GIVEN DATA Block Start

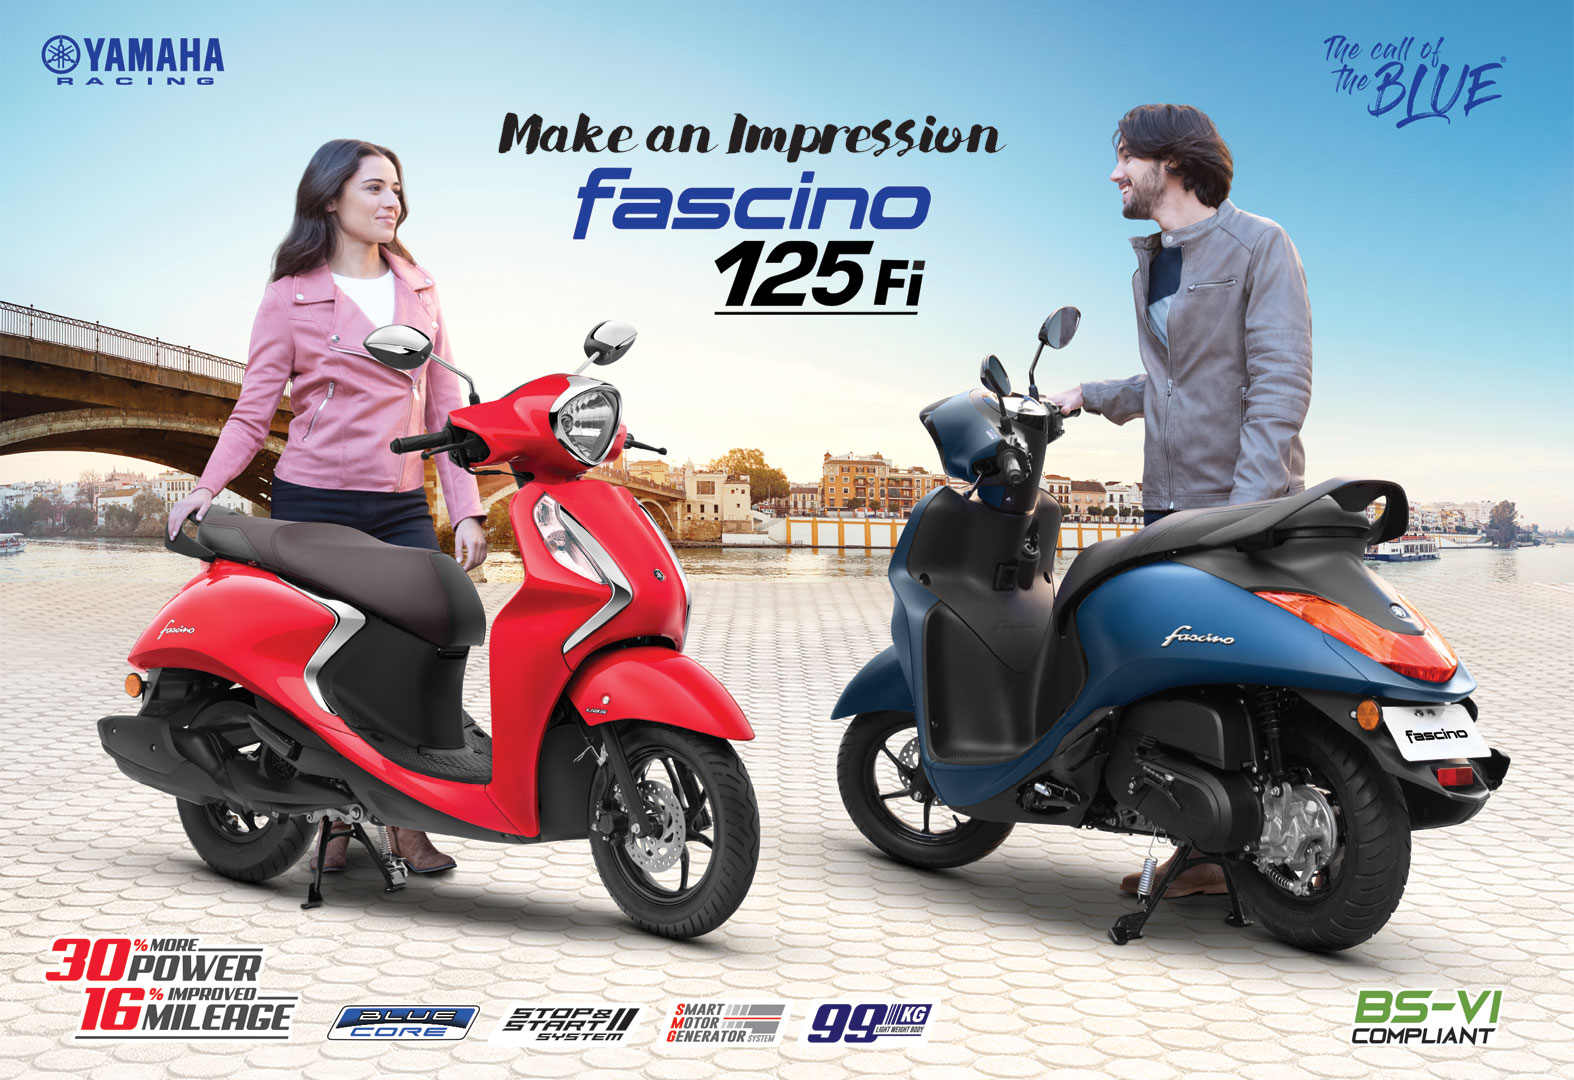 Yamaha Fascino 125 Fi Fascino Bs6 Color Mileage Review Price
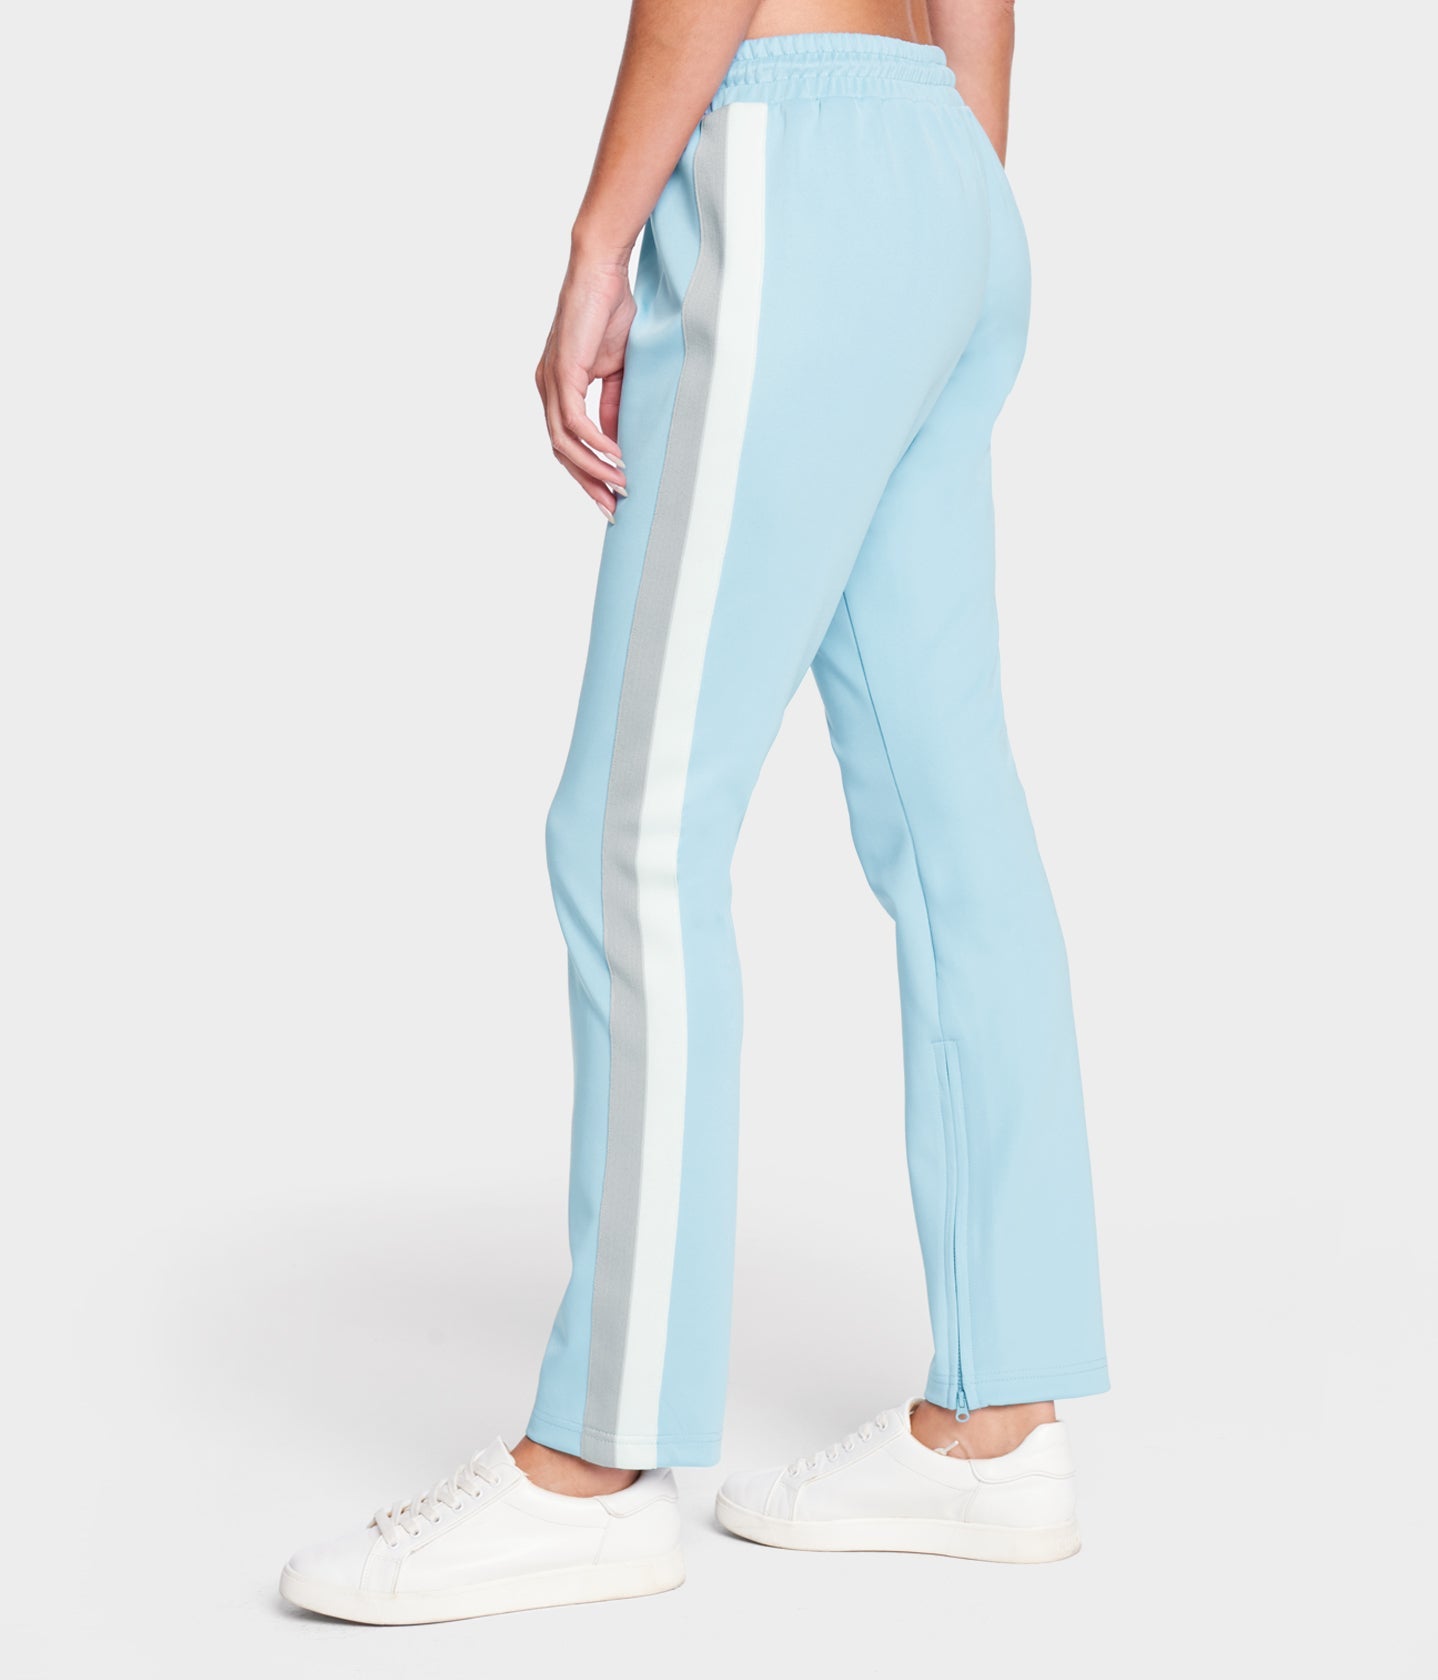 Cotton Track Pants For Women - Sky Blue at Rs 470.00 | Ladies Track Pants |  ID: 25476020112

GIVEN DATA Block End
GIVEN DATA Block Start

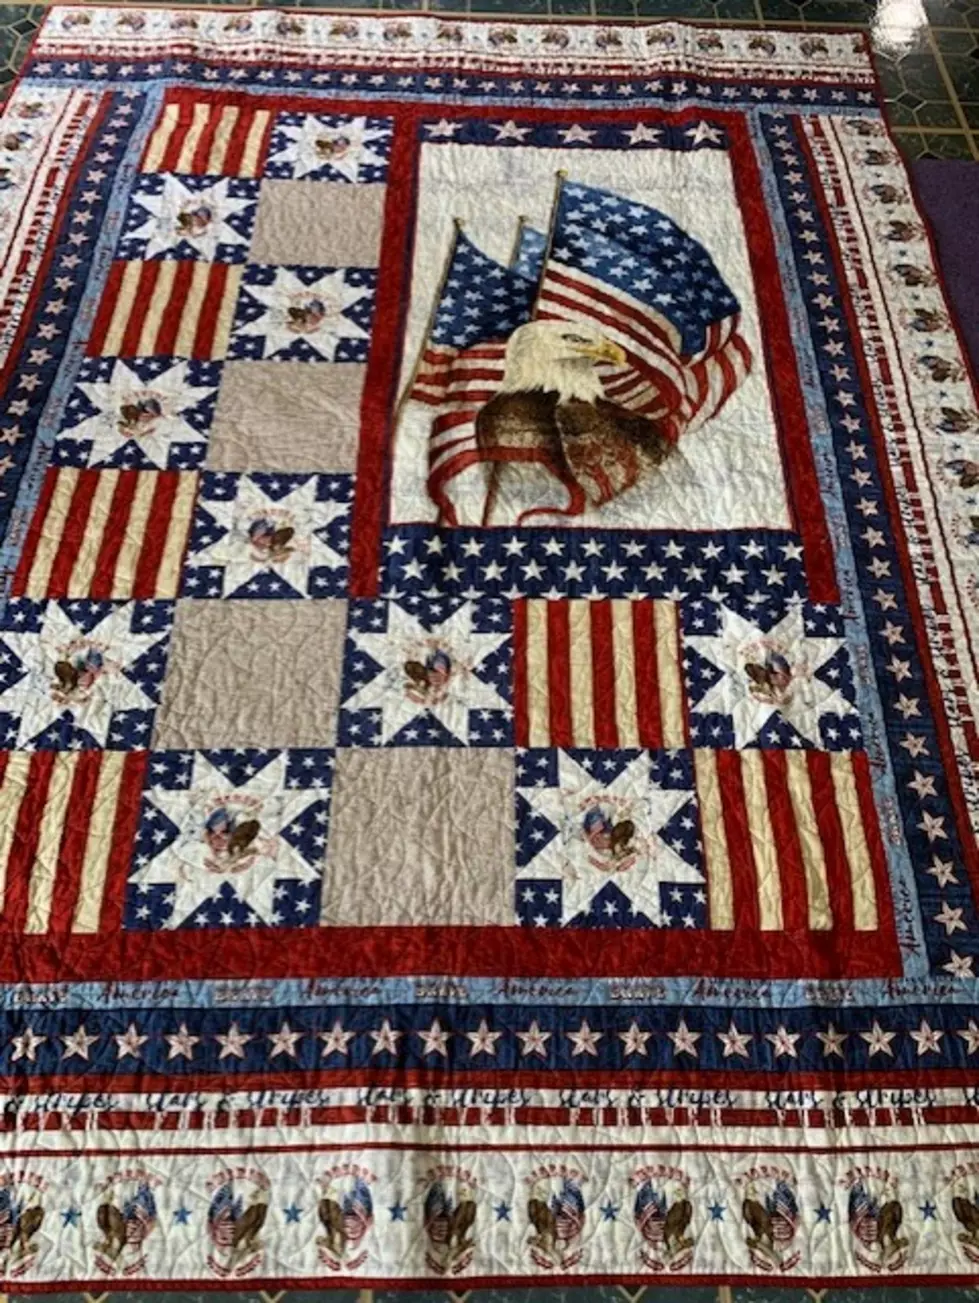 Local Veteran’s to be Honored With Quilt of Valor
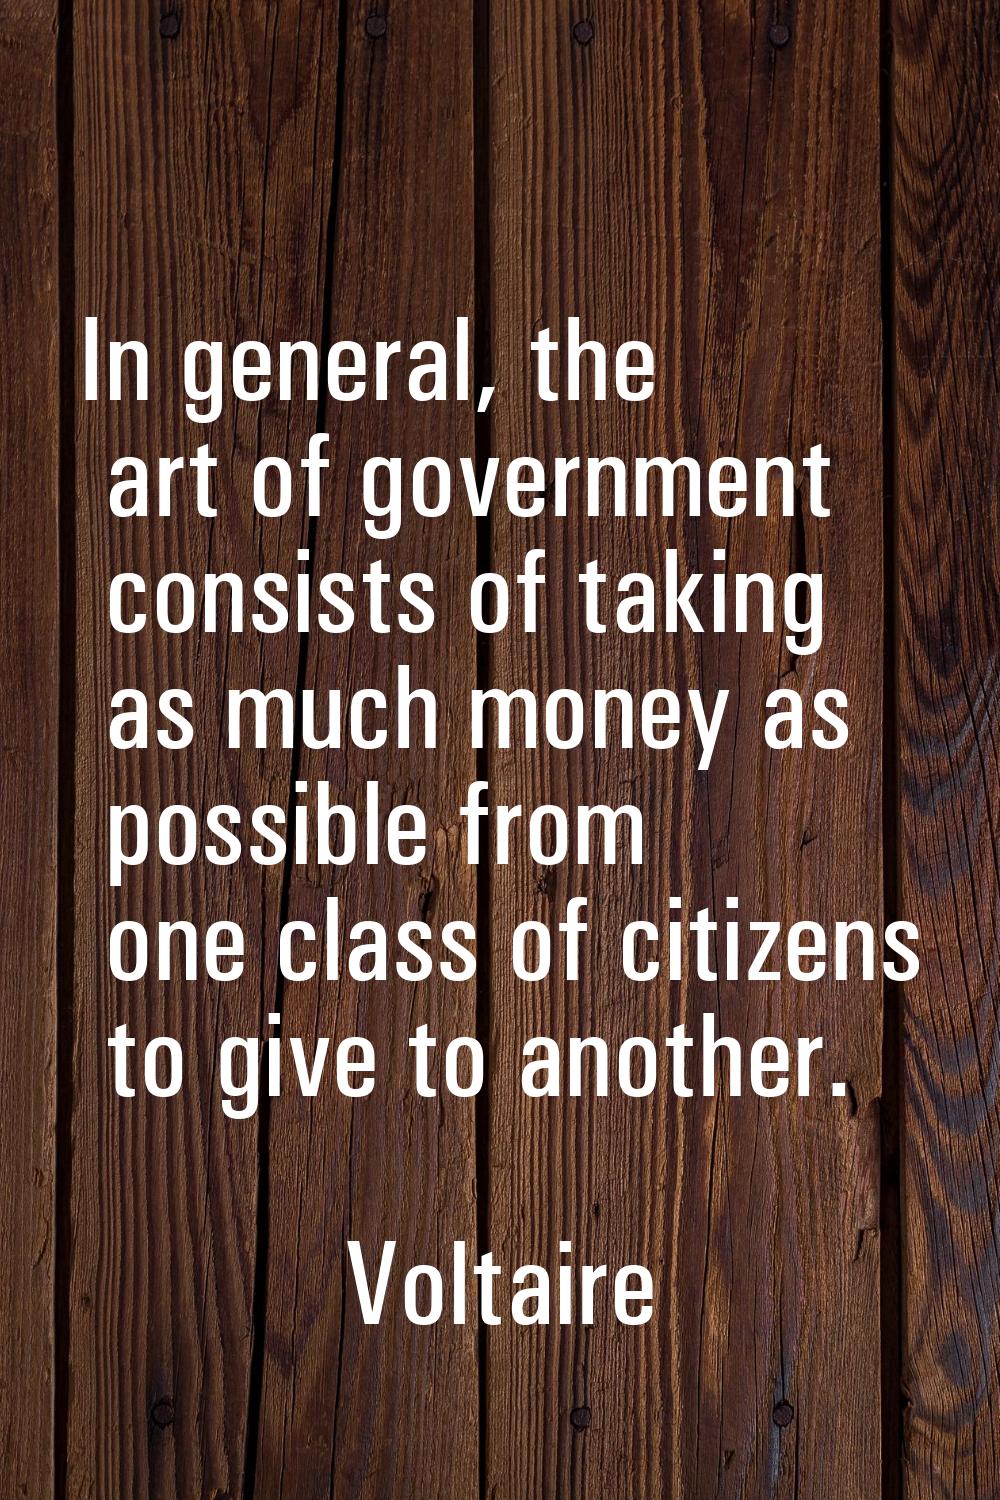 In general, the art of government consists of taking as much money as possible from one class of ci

GIVEN DATA Block End

> **THE TASK**: Copy only the lines above from the one containing "Yamaha Fascino 125" through the one containing "Cotton Track Pants", both included. Leave out the pictures.

> **EXERCISE OUTPUT**:
 Yamaha Fascino 125 Fi Fascino Bs6 Color Mileage Review Price
 Cotton Track Pants For Women - Sky Blue at Rs 470.00 | Ladies Track Pants |  ID: 25476020112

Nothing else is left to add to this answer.